In Erlang, strings are represented as lists of integers, where each integer corresponds to a Unicode code point. This is different from many other languages where strings are often treated as a separate data type.

-module(strings_and_runes).
-export([main/0]).

main() ->
    % S is a string (list of integers) representing the word "hello" in Thai
    S = "สวัสดี",

    % Print the length of the string (number of Unicode code points)
    io:format("Len: ~p~n", [length(S)]),

    % Print the Unicode code points in hexadecimal
    [io:format("~.16B ", [C]) || C <- S],
    io:format("~n"),

    % Count the number of characters (same as length for Erlang strings)
    io:format("Character count: ~p~n", [length(S)]),

    % Iterate over each character in the string
    lists:foldl(fun(C, Idx) ->
        io:format("U+~.16B '~ts' starts at ~p~n", [C, [C], Idx]),
        Idx + 1
    end, 0, S),

    io:format("~nUsing lists:nth~n"),
    lists:foldl(fun(Idx, _) ->
        C = lists:nth(Idx, S),
        io:format("U+~.16B '~ts' starts at ~p~n", [C, [C], Idx-1]),
        examine_char(C)
    end, 0, lists:seq(1, length(S))).

examine_char(C) ->
    case C of
        $t -> io:format("found tee~n");
        16_0E2A -> io:format("found so sua~n");
        _ -> ok
    end.

In this Erlang version:

  1. We define a module strings_and_runes with a main/0 function.
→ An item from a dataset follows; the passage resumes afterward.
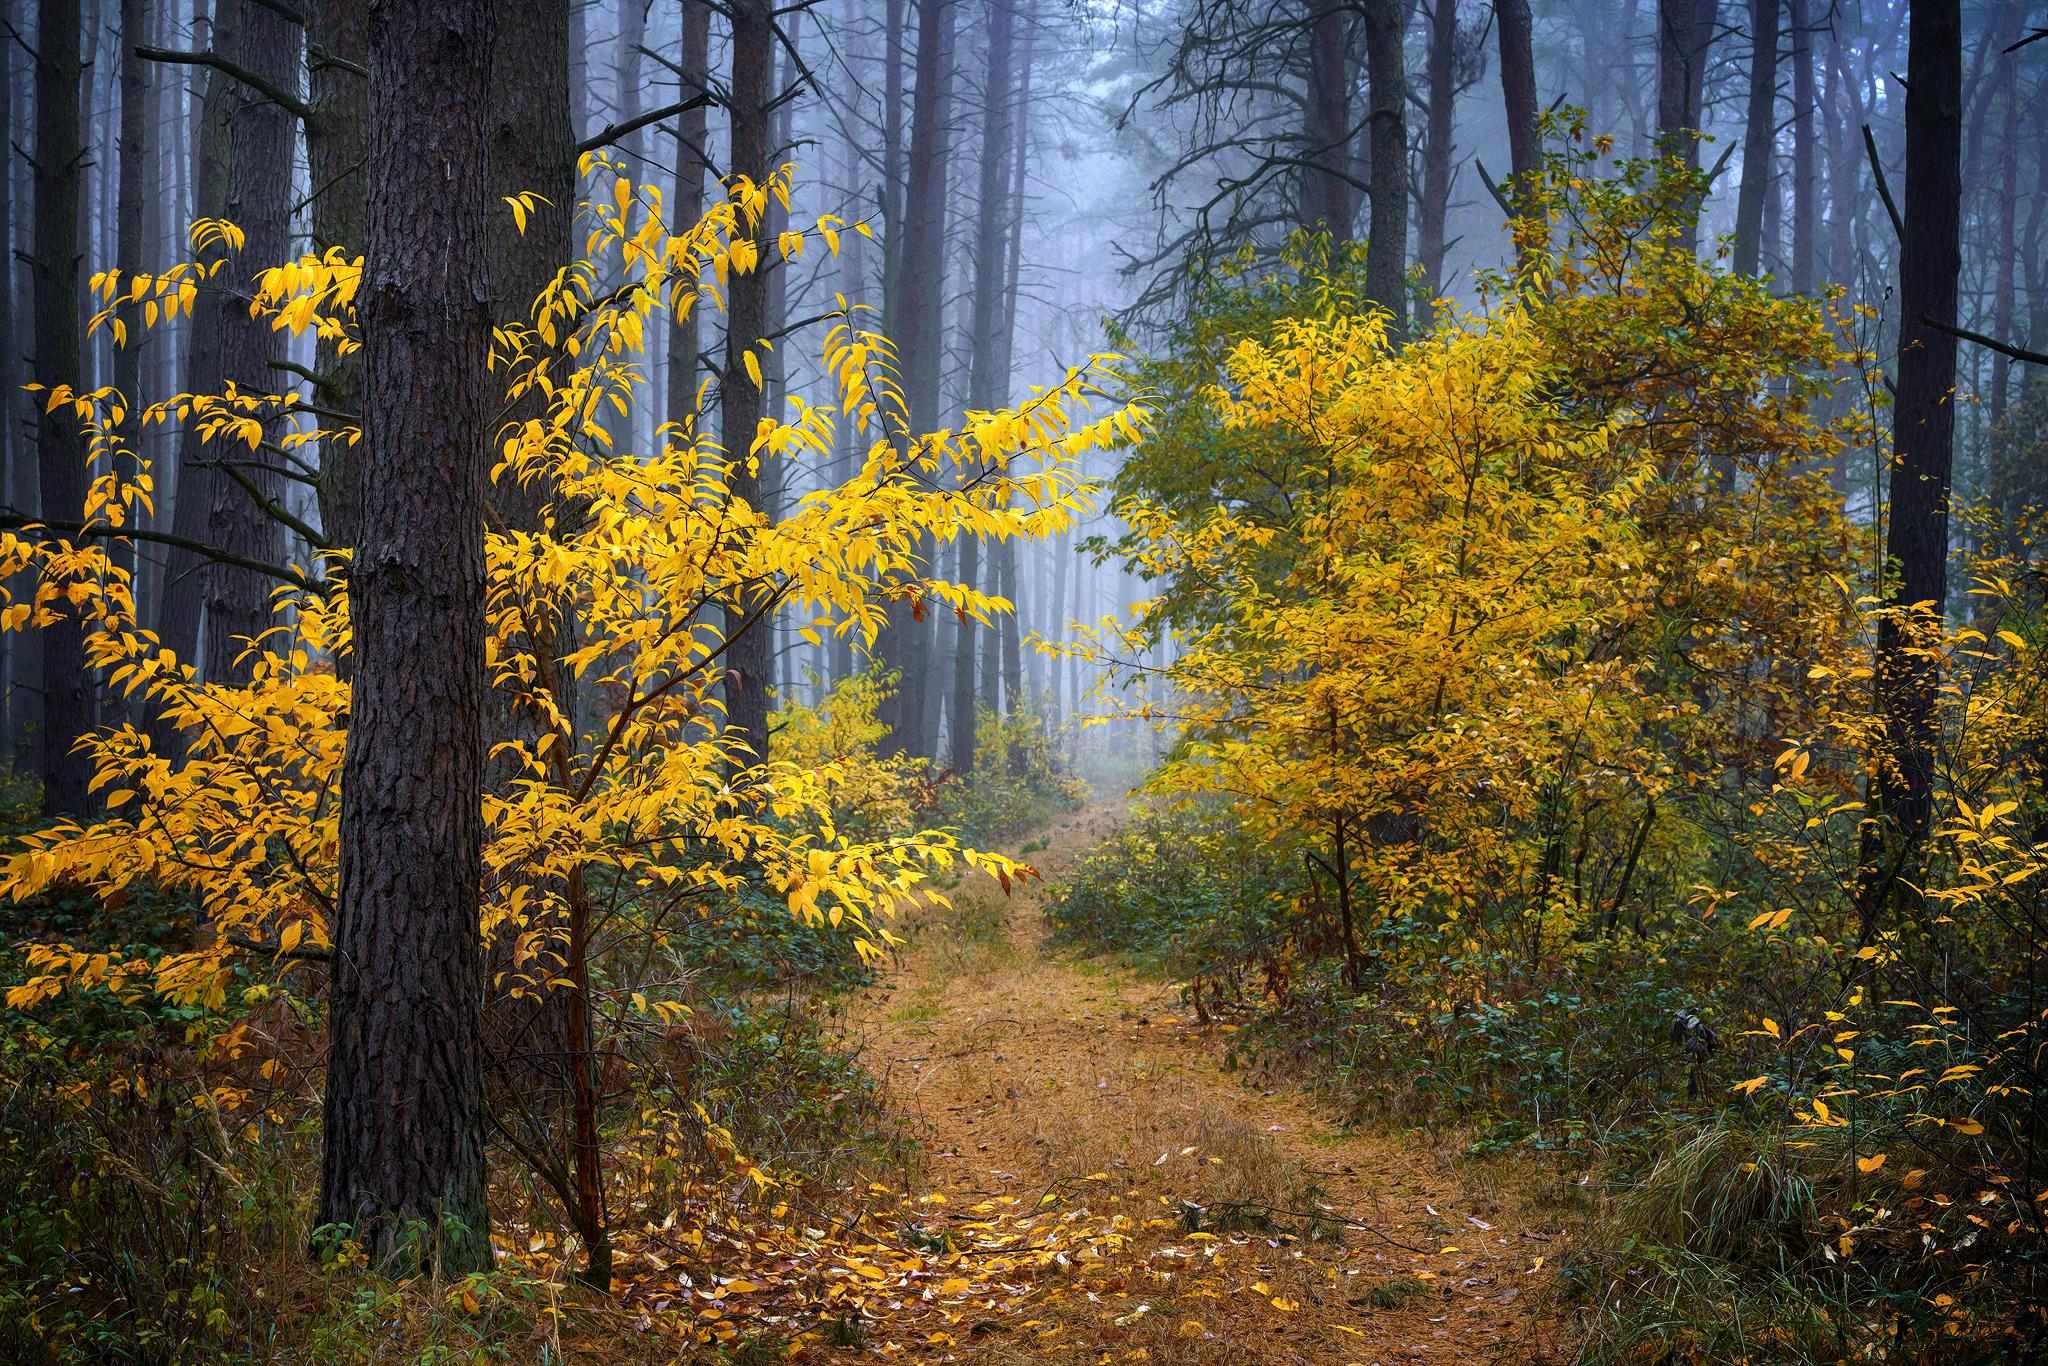 Осенняя прогулка по лесу. Radoslaw Dranikowski

  2. Strings in Erlang are lists of integers, where each integer represents a Unicode code point.

  3. We use length/1 to get the number of characters in the string, which is equivalent to both the byte length and the rune count in this case.

  4. To print the hexadecimal representation of each character, we use a list comprehension with io:format/2.

  5. We use lists:foldl/3 to iterate over the string, printing each character’s Unicode code point and its position.

  6. Instead of DecodeRuneInString, we use lists:nth/2 to access individual characters in the string.

  7. The examine_char/1 function demonstrates pattern matching on specific characters.

To run this program:

$ erlc strings_and_runes.erl
$ erl -noshell -s strings_and_runes main -s init stop
Len: 6
E2A E27 E31 E2A E14 E35 
Character count: 6
U+0E2A 'ส' starts at 0
U+0E27 'ว' starts at 1
U+0E31 'ั' starts at 2
U+0E2A 'ส' starts at 3
U+0E14 'ด' starts at 4
U+0E35 'ี' starts at 5

Using lists:nth
U+0E2A 'ส' starts at 0
found so sua
U+0E27 'ว' starts at 1
U+0E31 'ั' starts at 2
U+0E2A 'ส' starts at 3
found so sua
U+0E14 'ด' starts at 4
U+0E35 'ี' starts at 5

Note that Erlang handles Unicode strings natively, so we don’t need to use any special libraries for UTF-8 decoding. The concept of “runes” doesn’t exist in Erlang, as each element in a string is already a full Unicode code point.